## Provided material

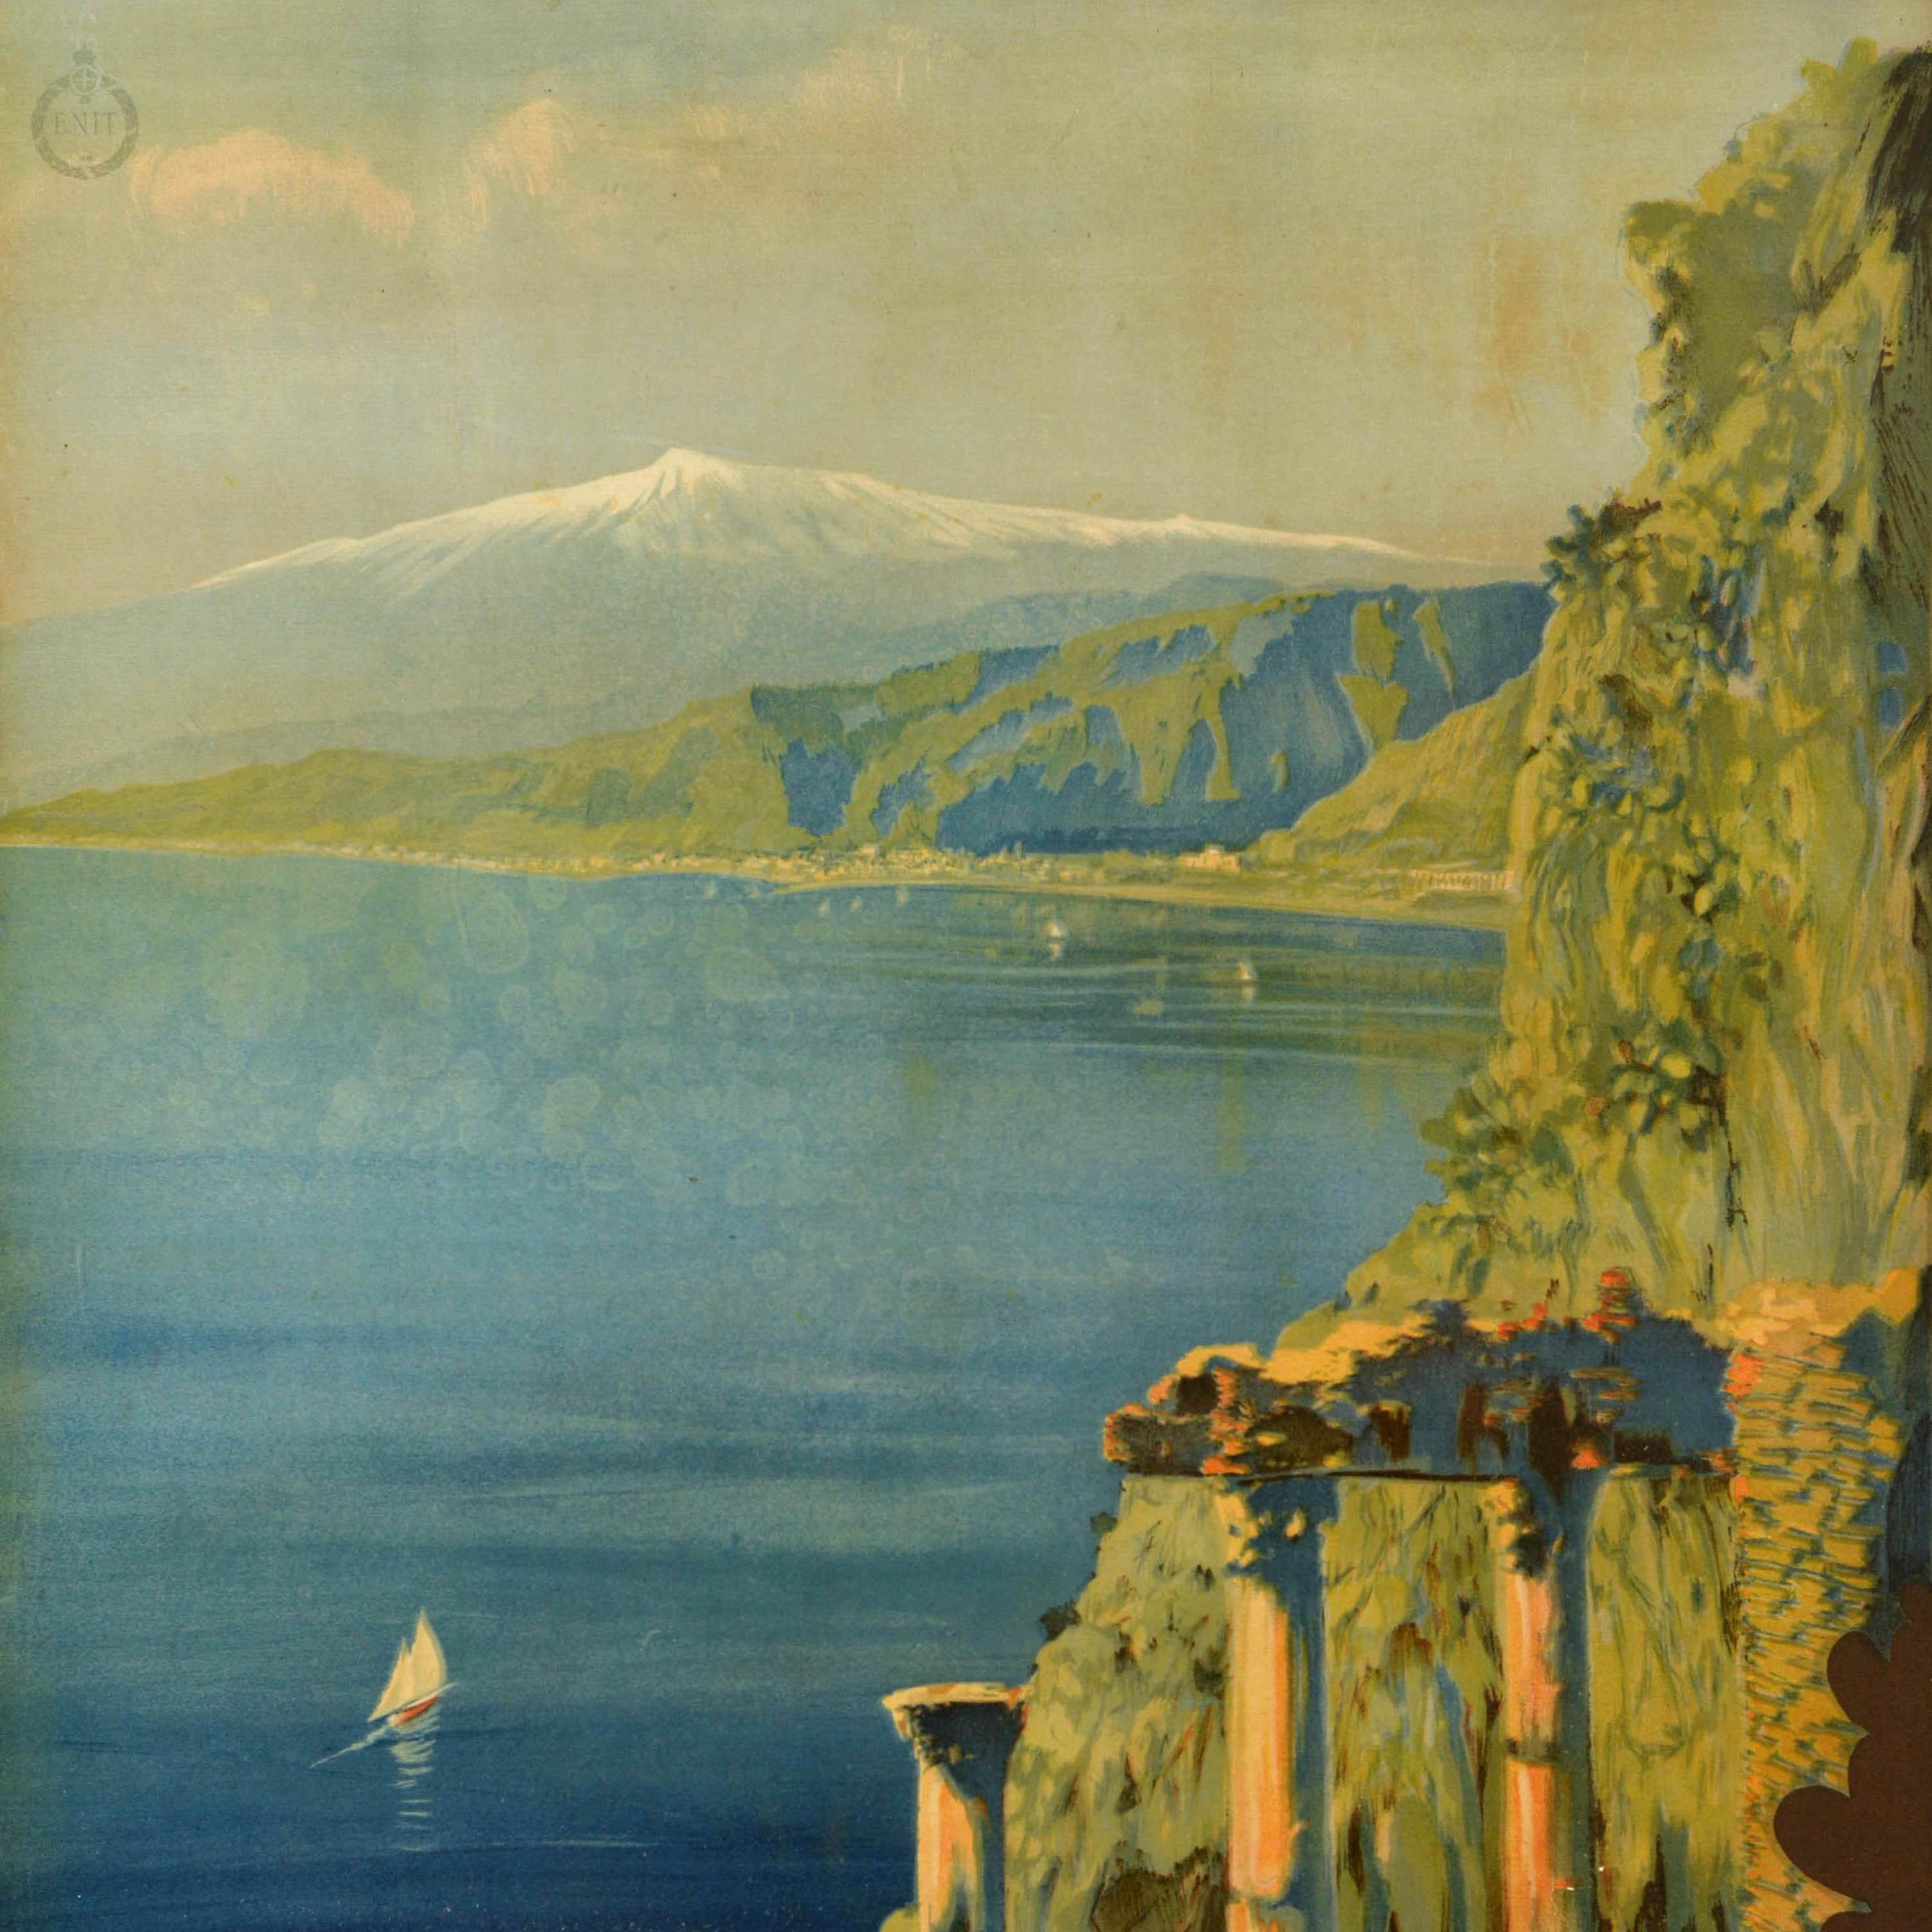 Original Vintage Travel Poster Taormina Sicily ENIT Italy Mt Etna Mario Borgoni For Sale 2
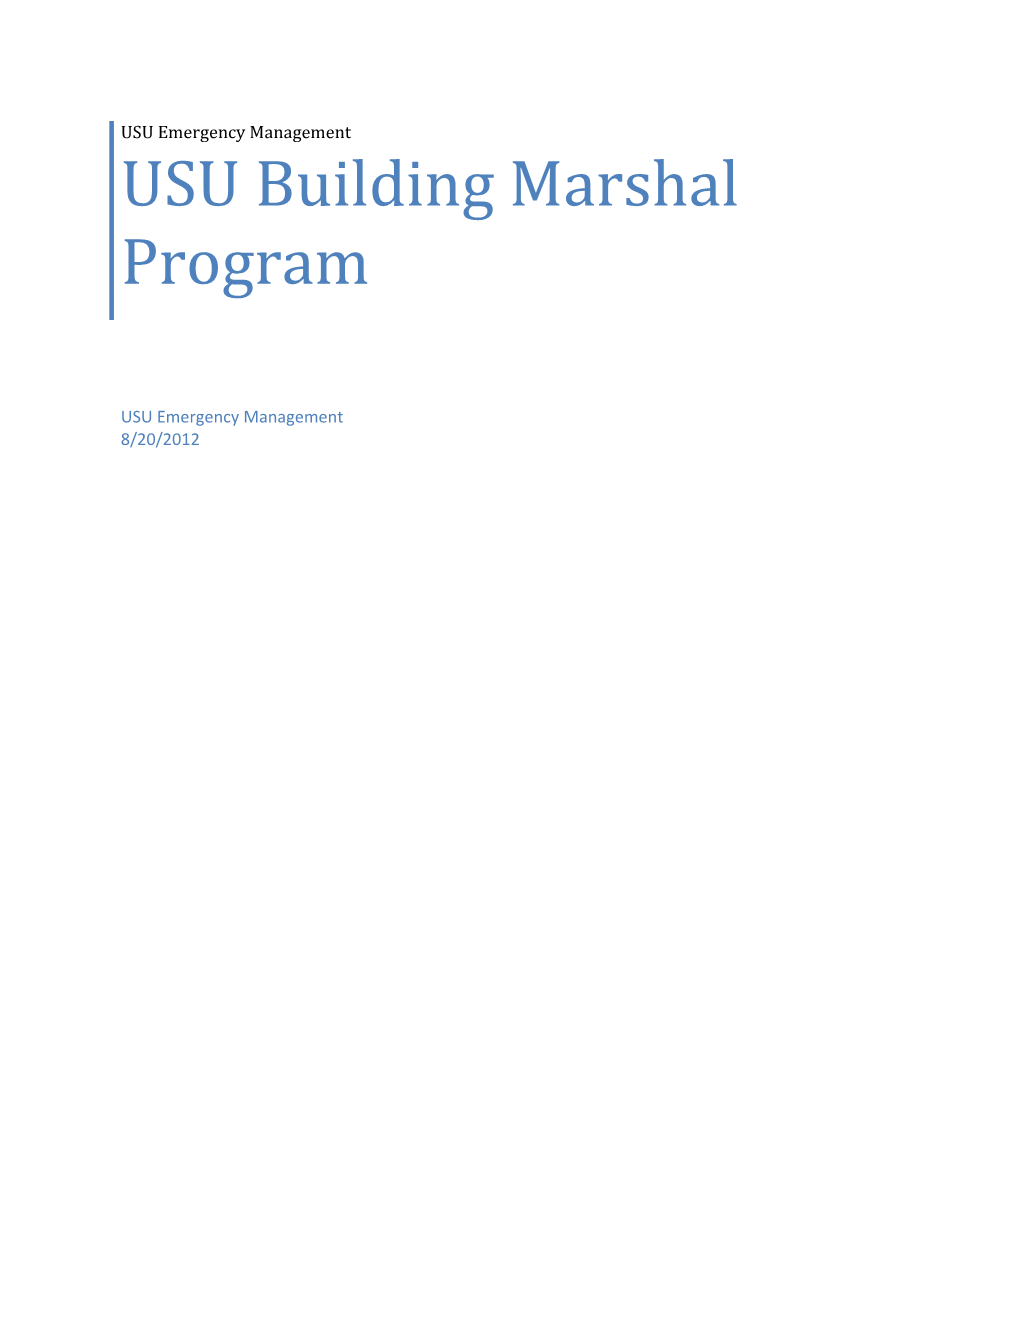 USU Building Marshal Program
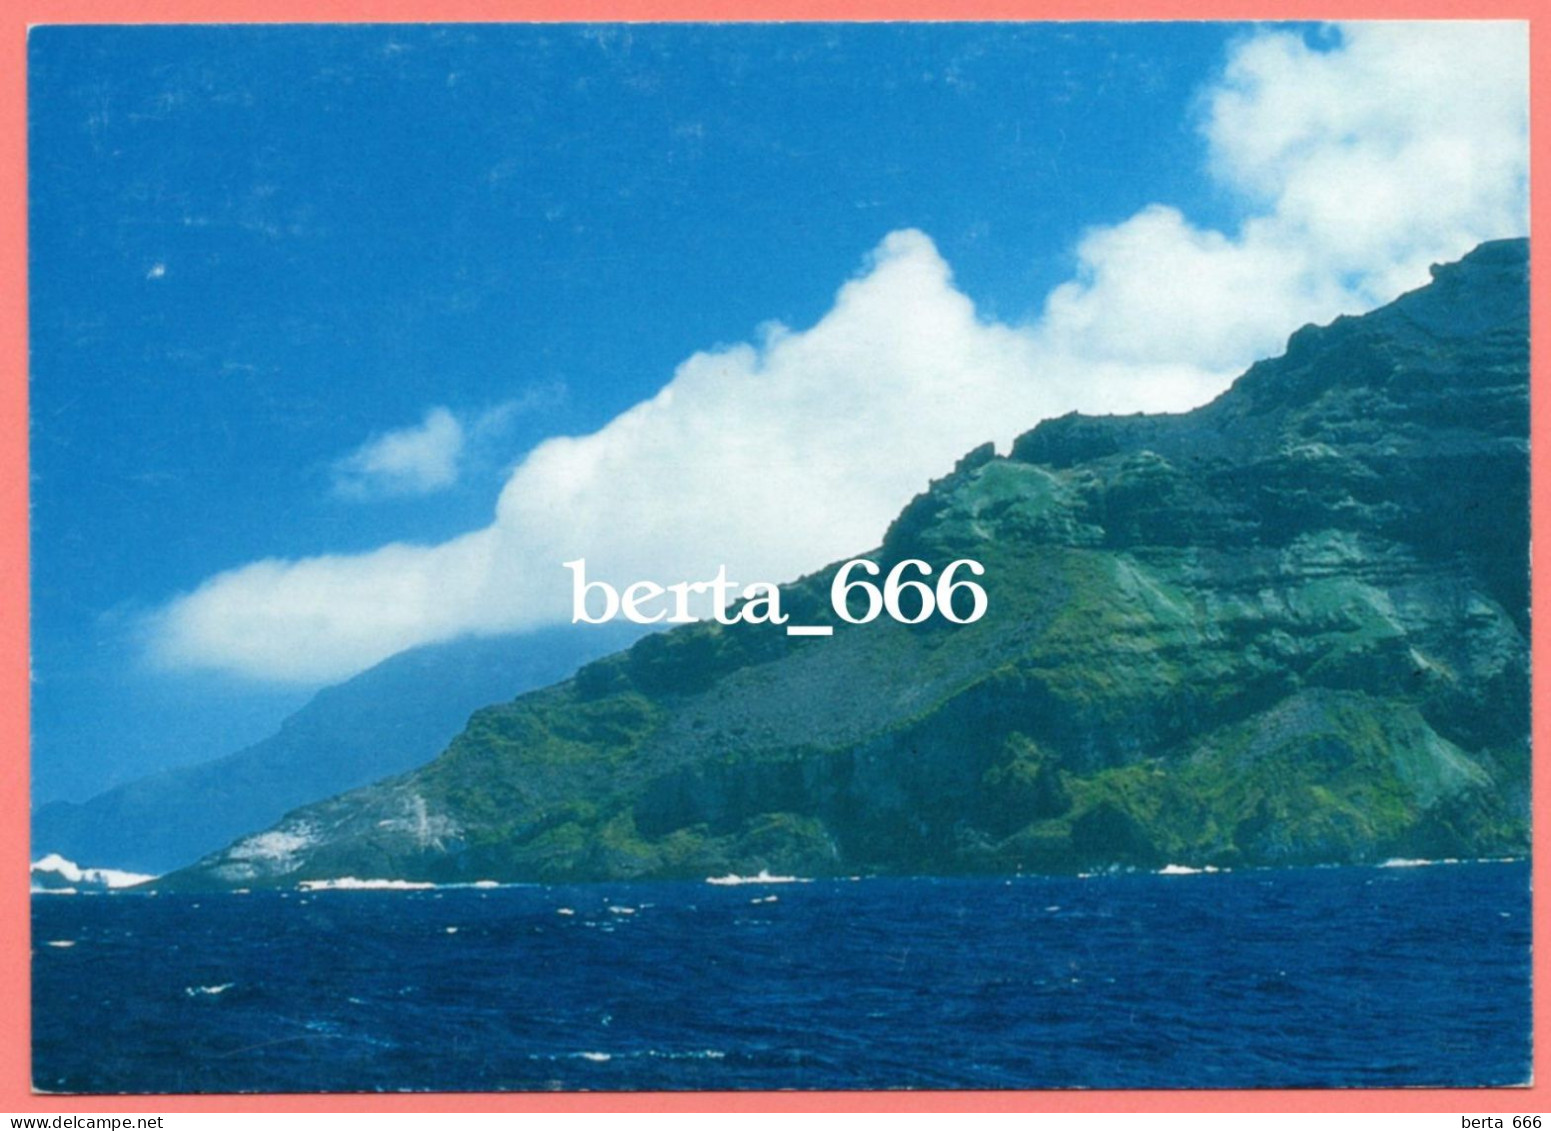 TAAF Crozet Possession Island UNESCO New Postcard - TAAF : Territori Francesi Meridionali
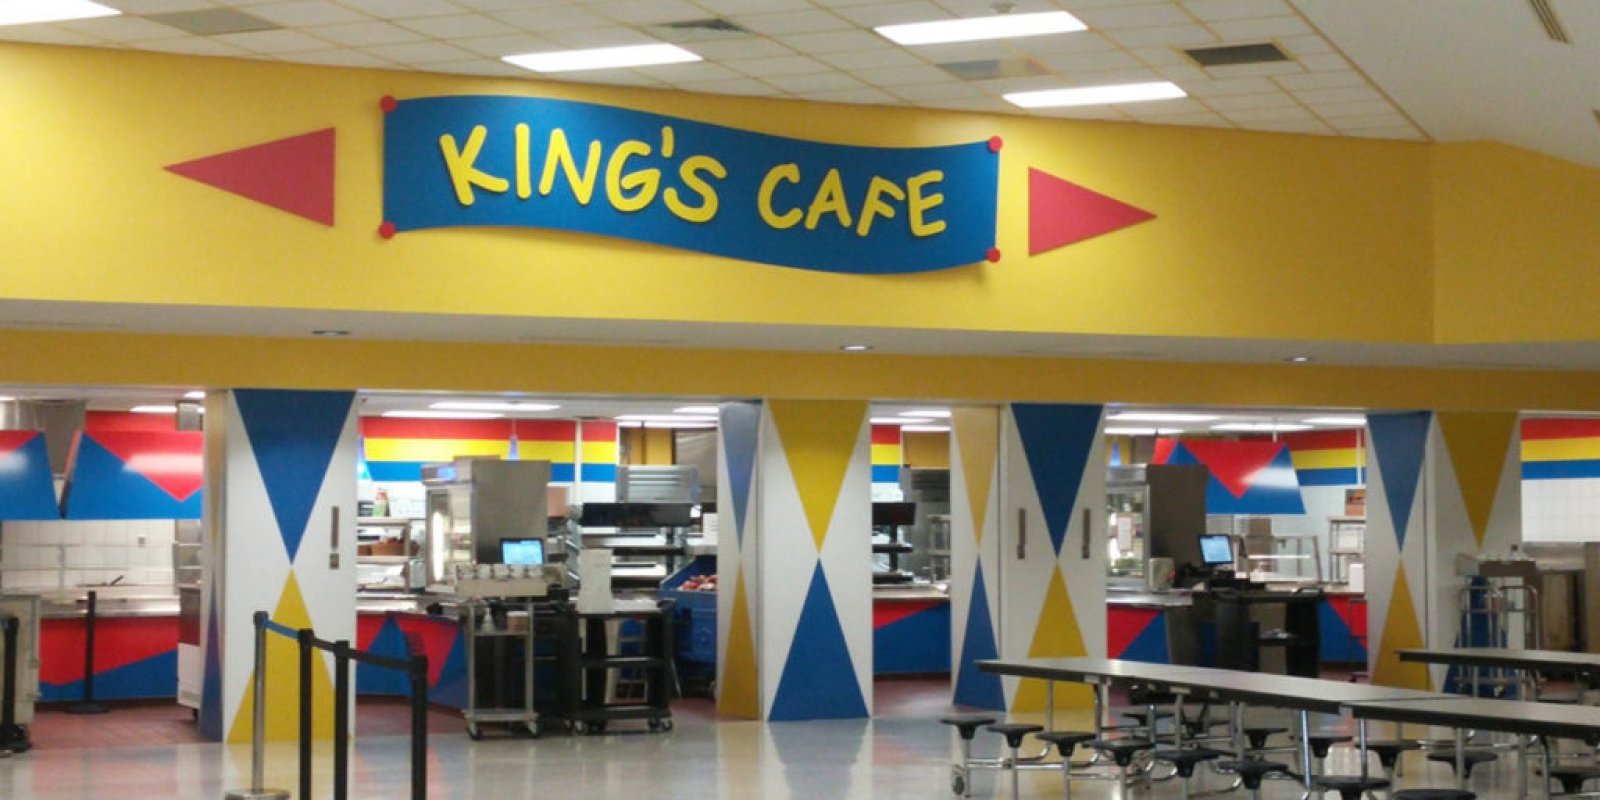 King’s Cafe

## Exercise prompt
The answer must be the listing above, restated word for word, with no images in it.

## Solved exercise
 Original Vintage Travel Poster Taormina Sicily ENIT Italy Mt Etna Mario Borgoni For Sale 2
 USU Building Marshal Program
 TAAF Crozet Possession Island UNESCO New Postcard - TAAF : Territori Francesi Meridionali
 King’s Cafe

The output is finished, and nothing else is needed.